■ GIVEN MATERIAL:
►

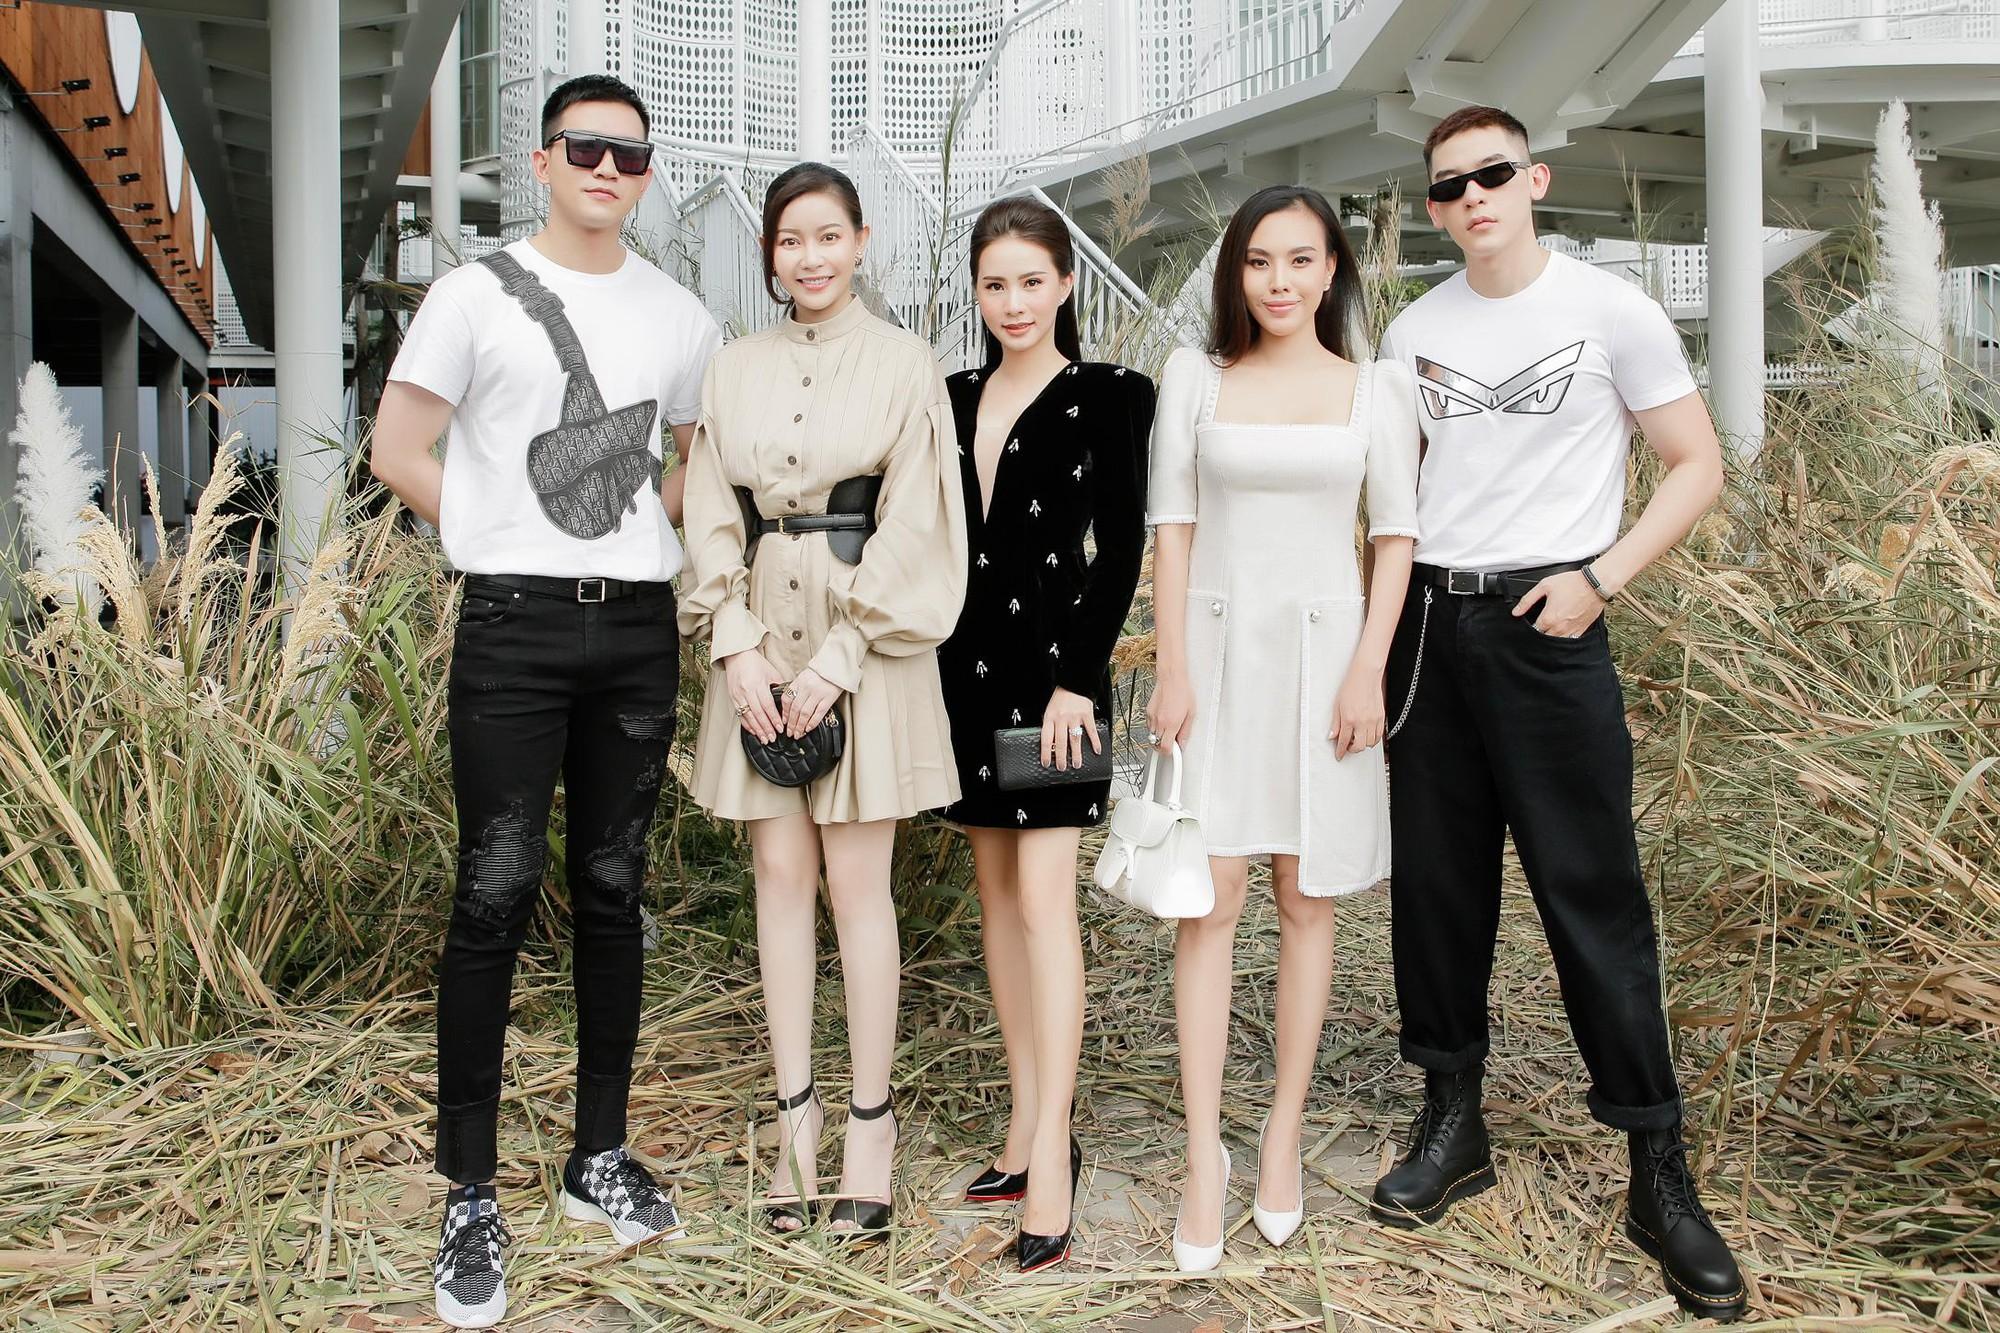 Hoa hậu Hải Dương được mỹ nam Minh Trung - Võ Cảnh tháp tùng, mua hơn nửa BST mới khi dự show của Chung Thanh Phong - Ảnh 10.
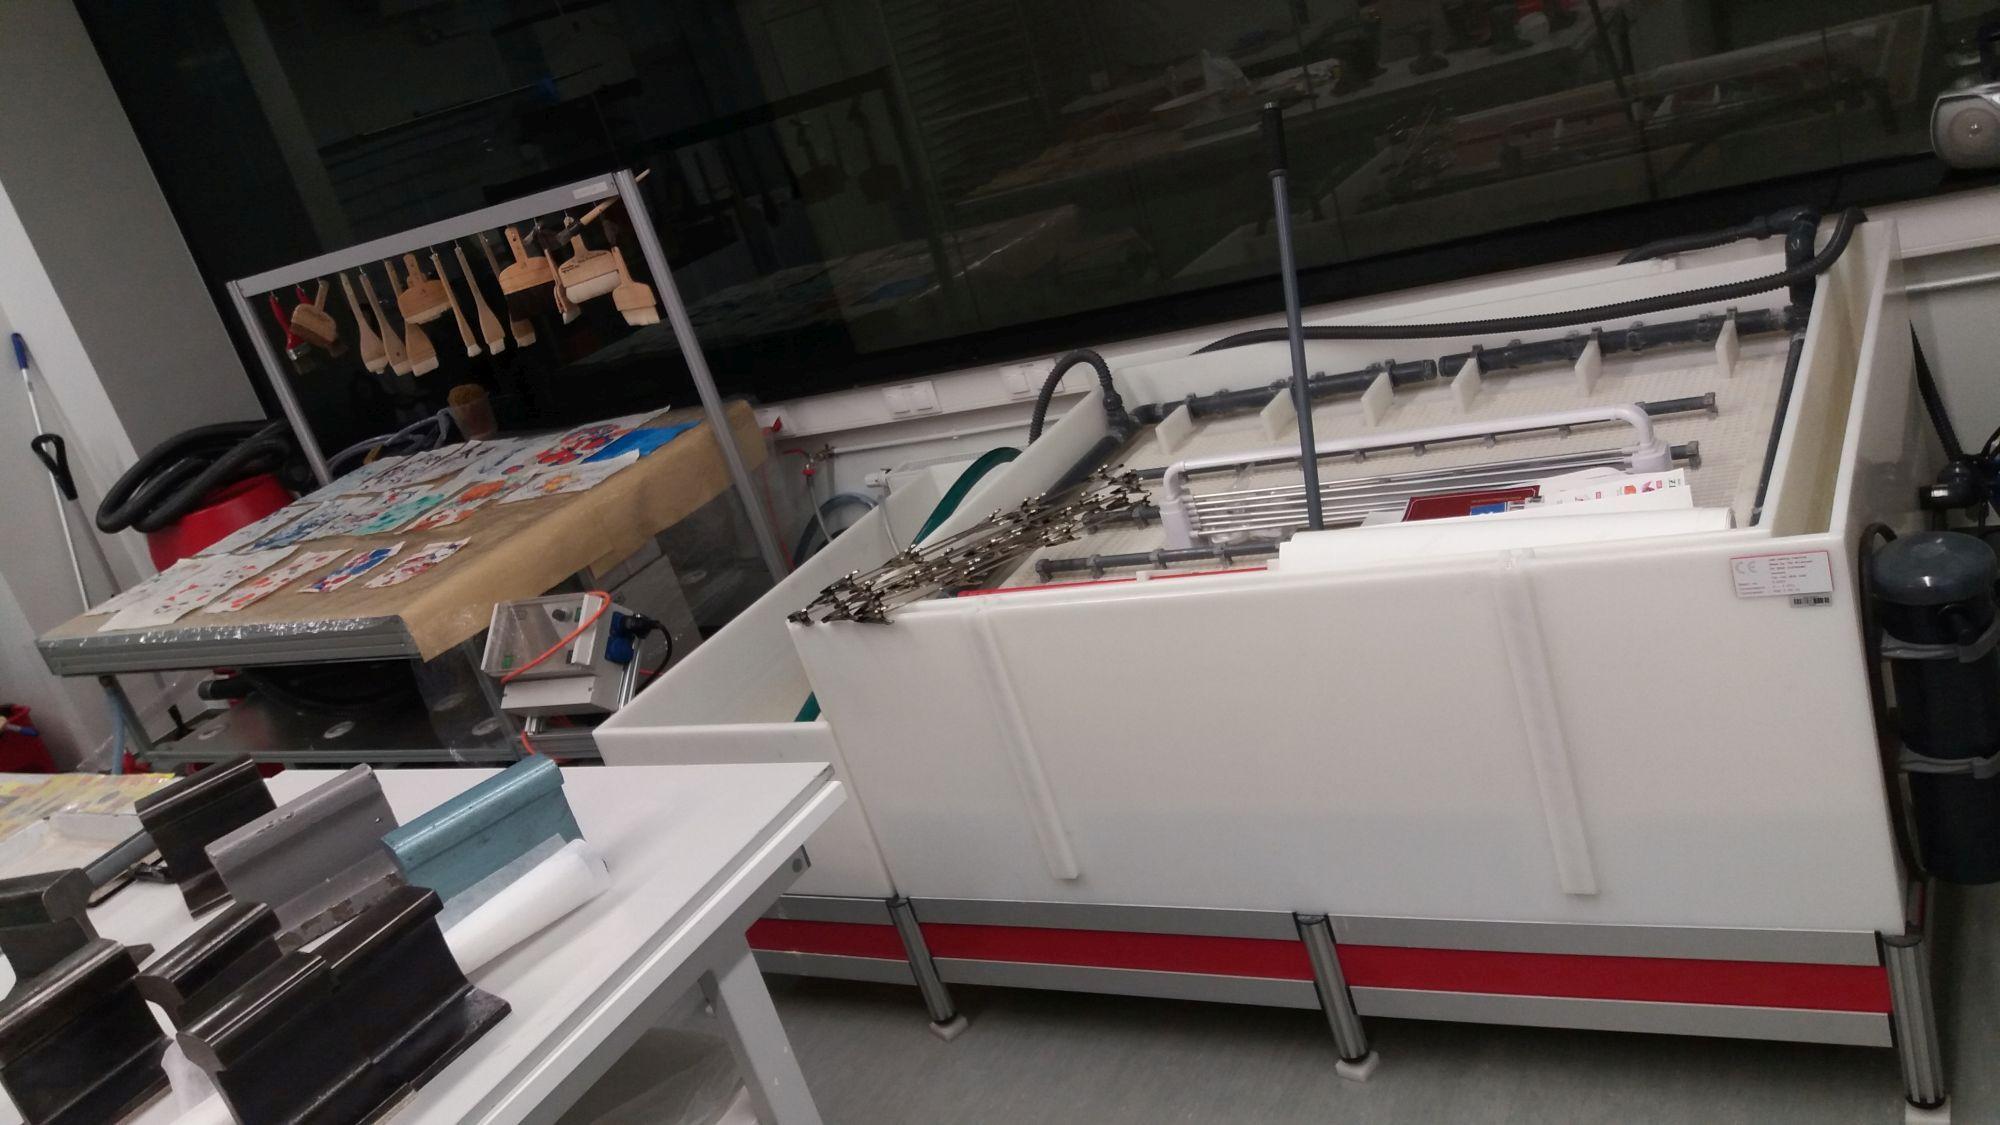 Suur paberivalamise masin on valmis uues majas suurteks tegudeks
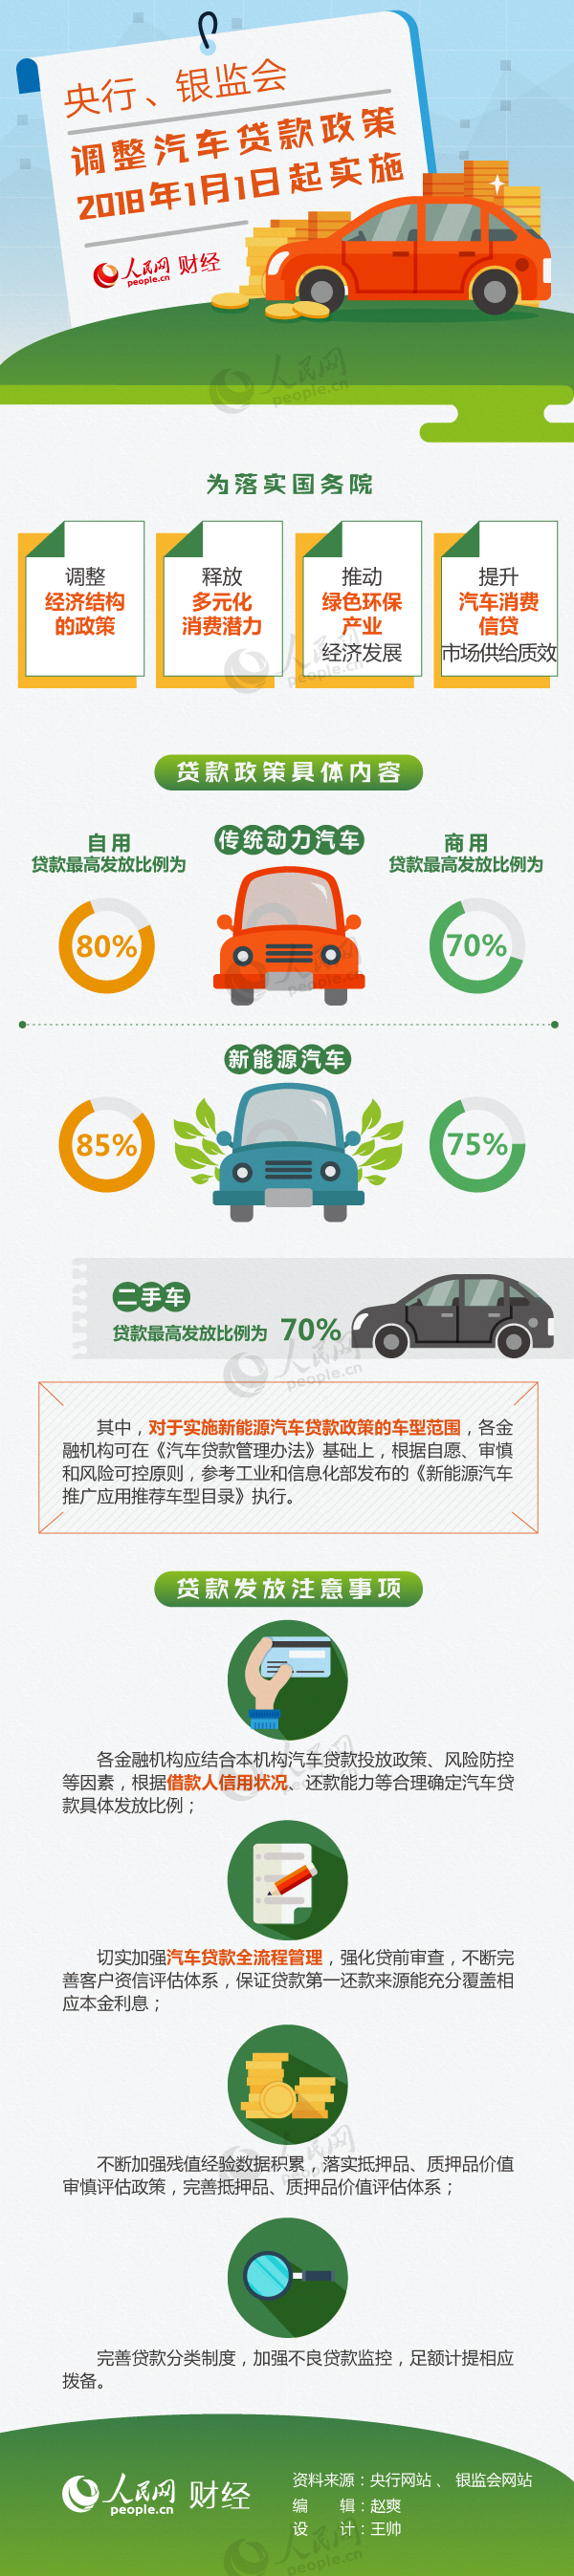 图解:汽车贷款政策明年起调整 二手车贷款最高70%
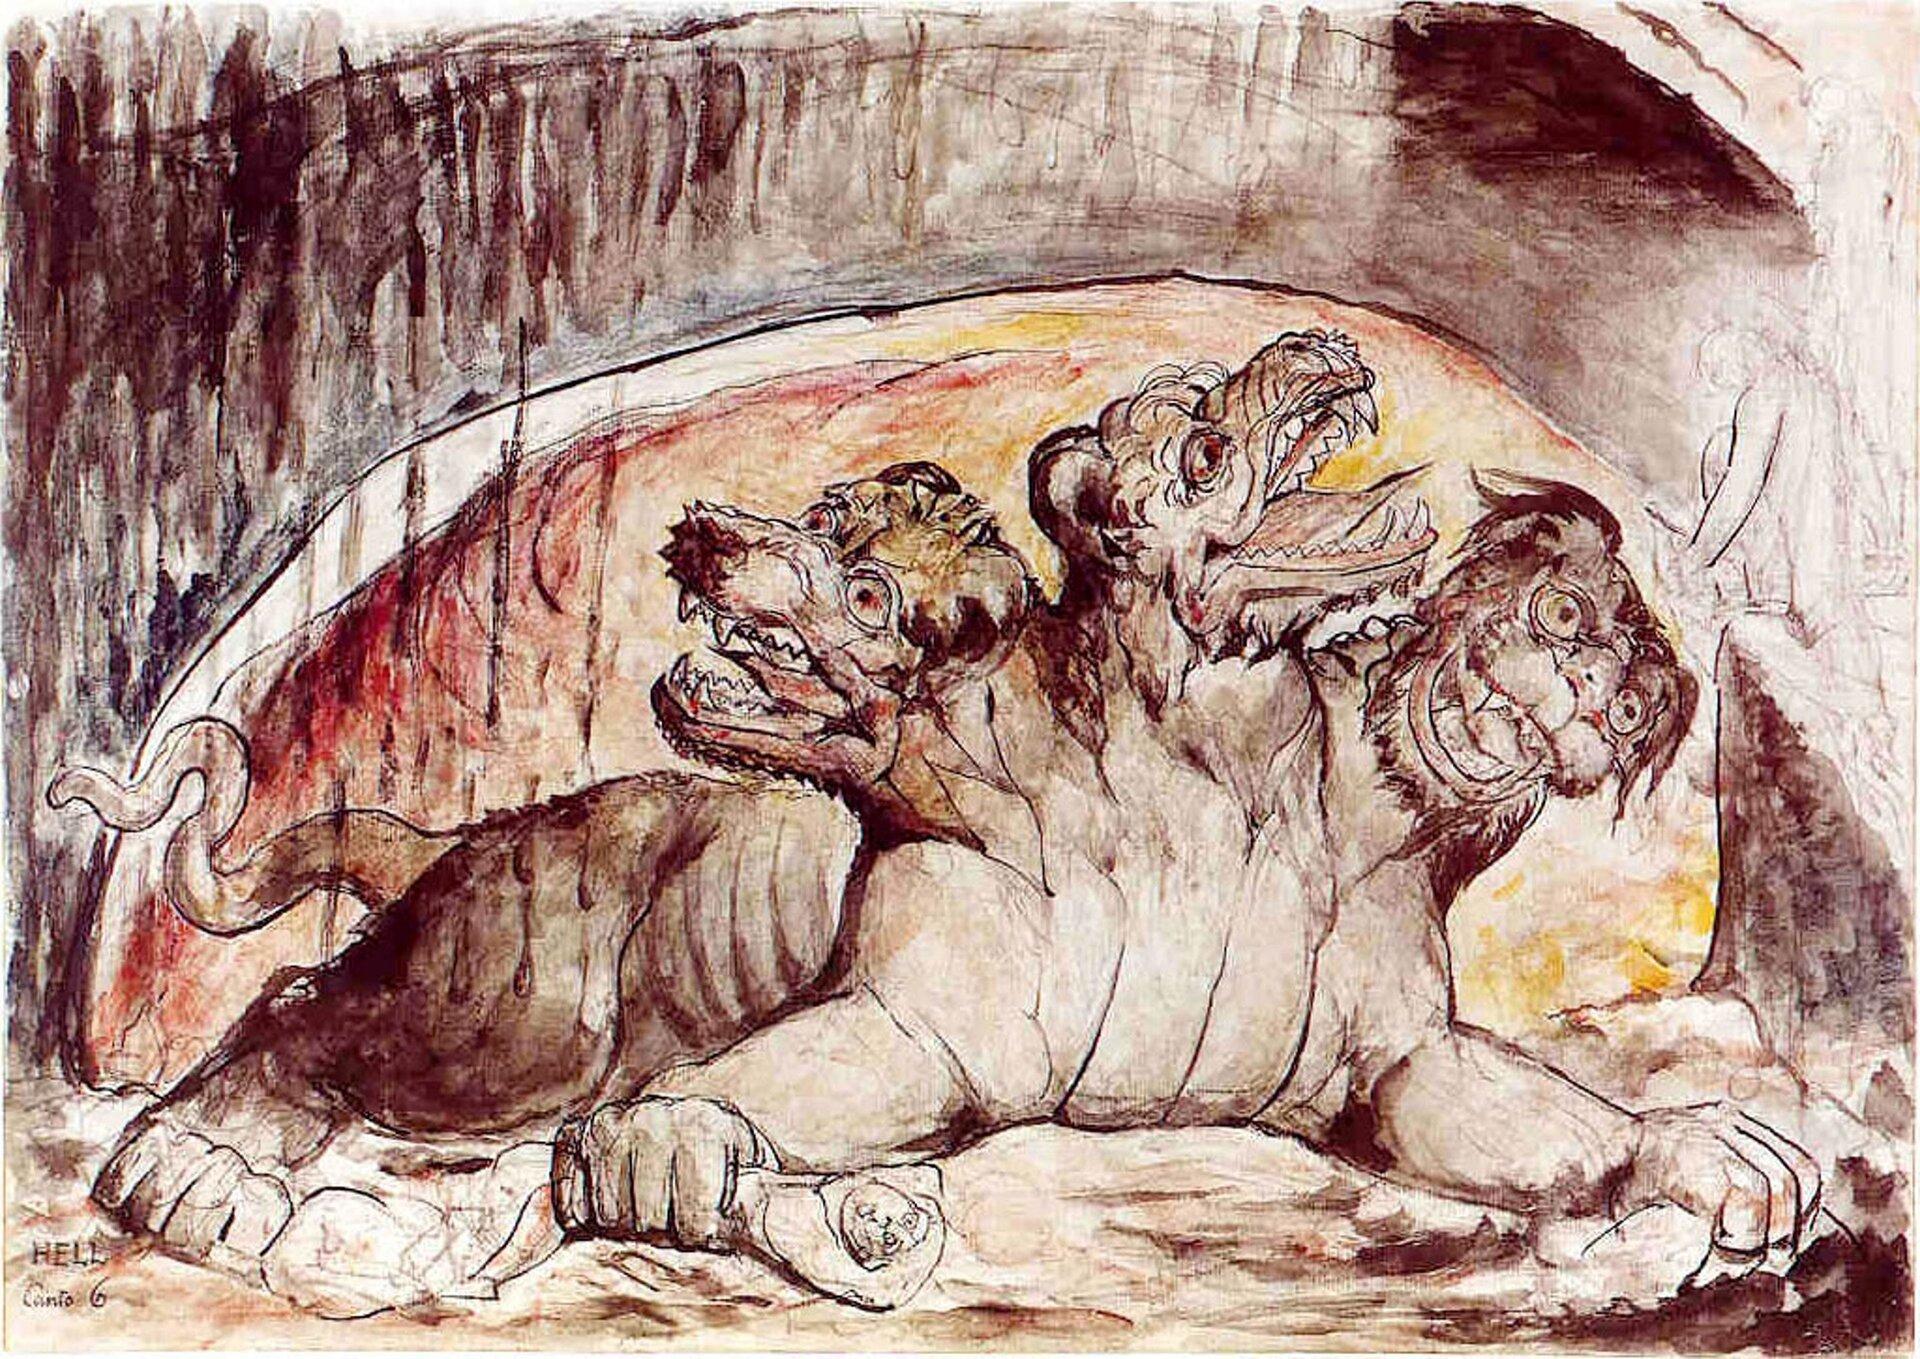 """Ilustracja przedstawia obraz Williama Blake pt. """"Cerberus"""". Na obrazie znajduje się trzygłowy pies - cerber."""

◄

■ WORK TO BE COMPLETED:
Copy word for word every line from the one holding "Suur paberivalamise masin" to the end of the listing, both ends included, but do not copy any pictures.

■ REPLY TO THE EXERCISE:
 Suur paberivalamise masin on valmis uues majas suurteks tegudeks
 图解:汽车贷款政策明年起调整 二手车贷款最高70%
 """Ilustracja przedstawia obraz Williama Blake pt. """"Cerberus"""". Na obrazie znajduje się trzygłowy pies - cerber."""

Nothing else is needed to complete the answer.